When Exxon Wanted To Be a Personal Computing Revolutionary
An anonymous reader writes with this story about Exxon's early involvement with consumer computers. "This weekend is the anniversary of the release of the Apple IIc, the company's fourth personal computer iteration and its first attempt at creating a portable computer. In 1981, Apple's leading competitor in the world of consumer ('novice') computer users was IBM, but the market was about to experience a deluge of also-rans and other silent partners in PC history, including the multinational descendant of Standard Oil, Exxon. The oil giant had been quietly cultivating a position in the microprocessor industry since the mid-1970s via the rogue Intel engineer usually credited with developing the very first commercial microprocessor, Federico Faggin, and his startup Zilog. Faggin had ditched Intel in 1974, after developing the 4004 four-bit CPU and its eight-bit successor, the 8008. As recounted in Datapoint: The Lost Story of the Texans Who Invented the Personal Computer, Faggin was upset about Intel's new requirement that employees had to arrive by eight in the morning, while he usually worked nights. Soon after leaving Intel and forming Zilog, Faggin was approached by Exxon Enterprises, the investment arm of Exxon, which began funding Zilog in 1975."

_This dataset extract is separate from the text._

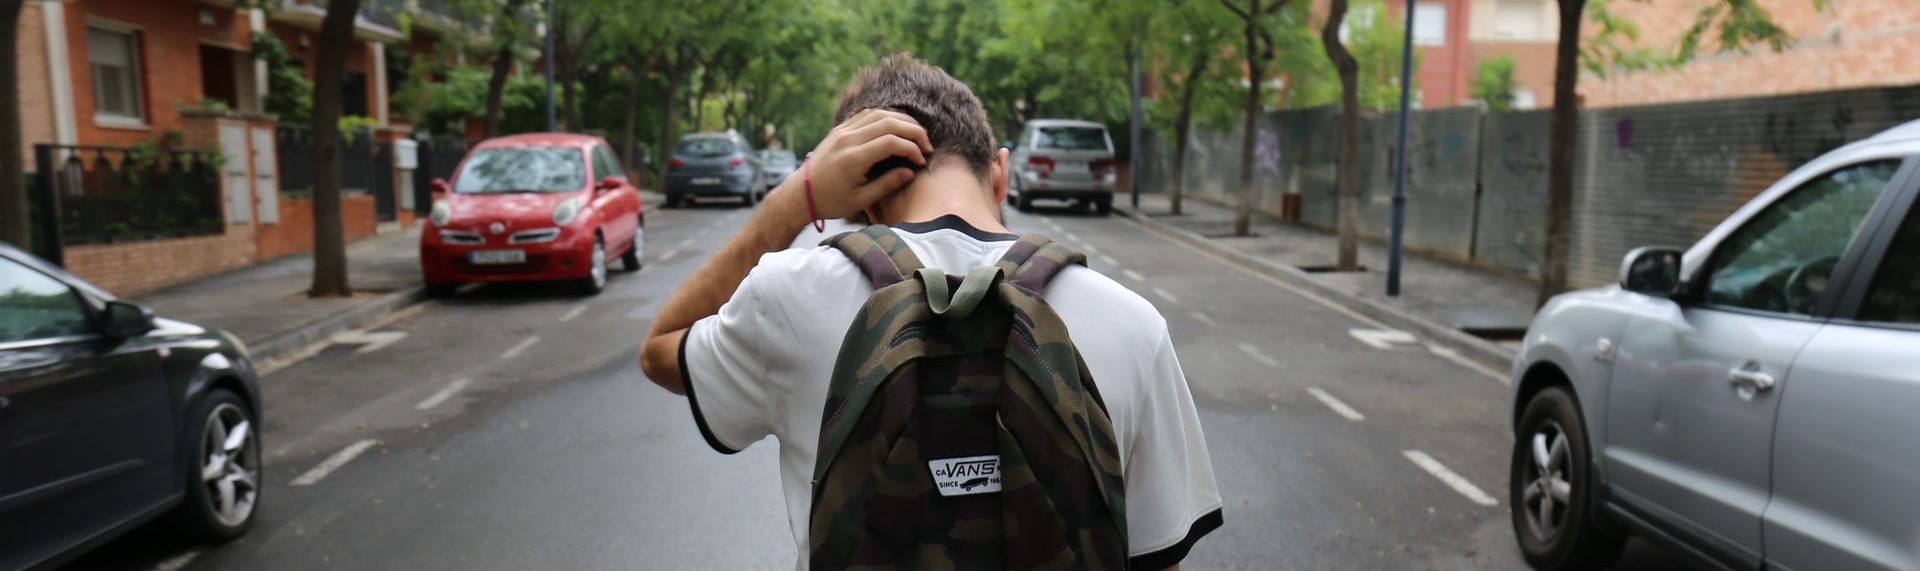 Michel Begues intevrnant de Solicaire pour les adolescents
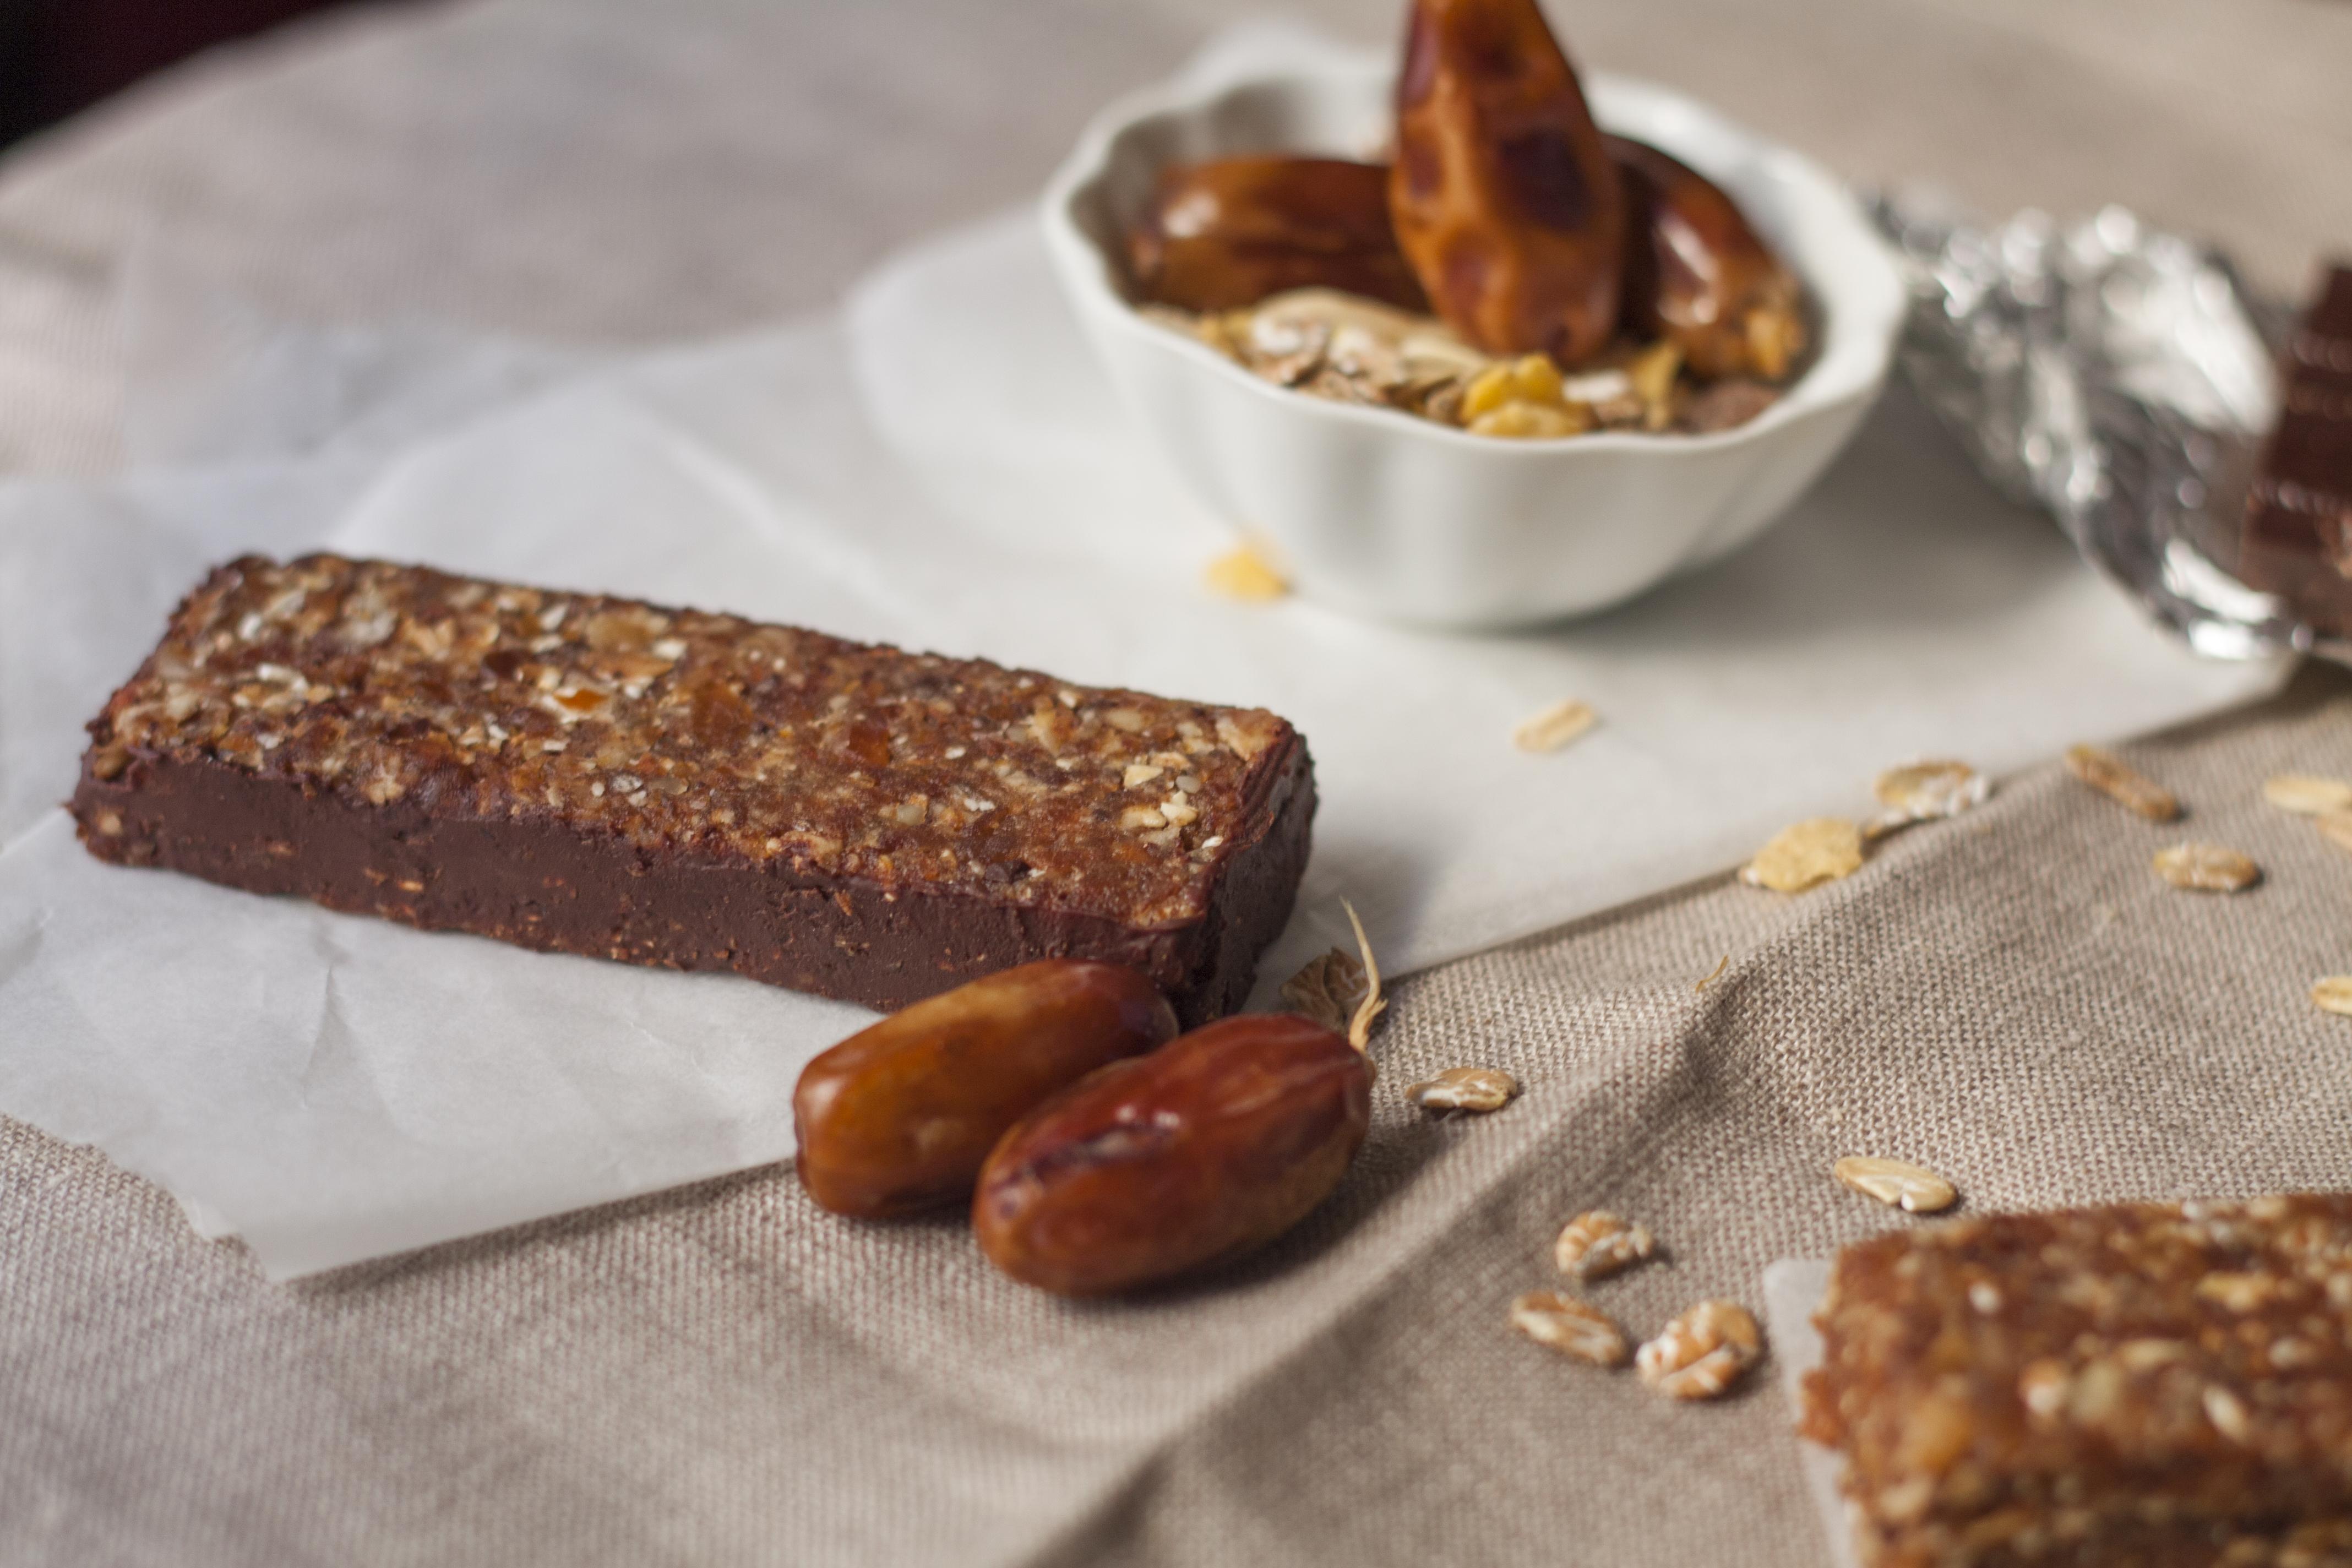 la-cuchara-azul-barritas-cereales-muesli-chocolate-2

I still remember hoping the successors would make some headway. LSI-11, MC68000, Z-80 all proof that evolution doesn't select for excellence.
Mangers! Learn this lesson from history: Intel lost one of the word's greatest computer chip designers, and created their own competition by making arbitrary work requirements, and not recognizing work-life balance.
Employees are people, not machines. Your greatest talent will, at some point, say "screw you" - and start competing with you. Unless you take care of them like human beings.
If you have a child in middle school, there's a very good chance they'll be required to use a TI calculator -- these days, a TI-84, most likely. Those calculators run on a Z80. If your child's ambitious, he/she can still tinker with Z80 assembly on an actual physical host.
This is a small tribute to the Z80 processor, and huge, scathing indictment of TI's lock on the education market. ~US$100 for a Z80-based calculator? In 2015? It was a sweet chip in 1977, and it's clearly still useful. But at this point the calculators should be selling for well under $10.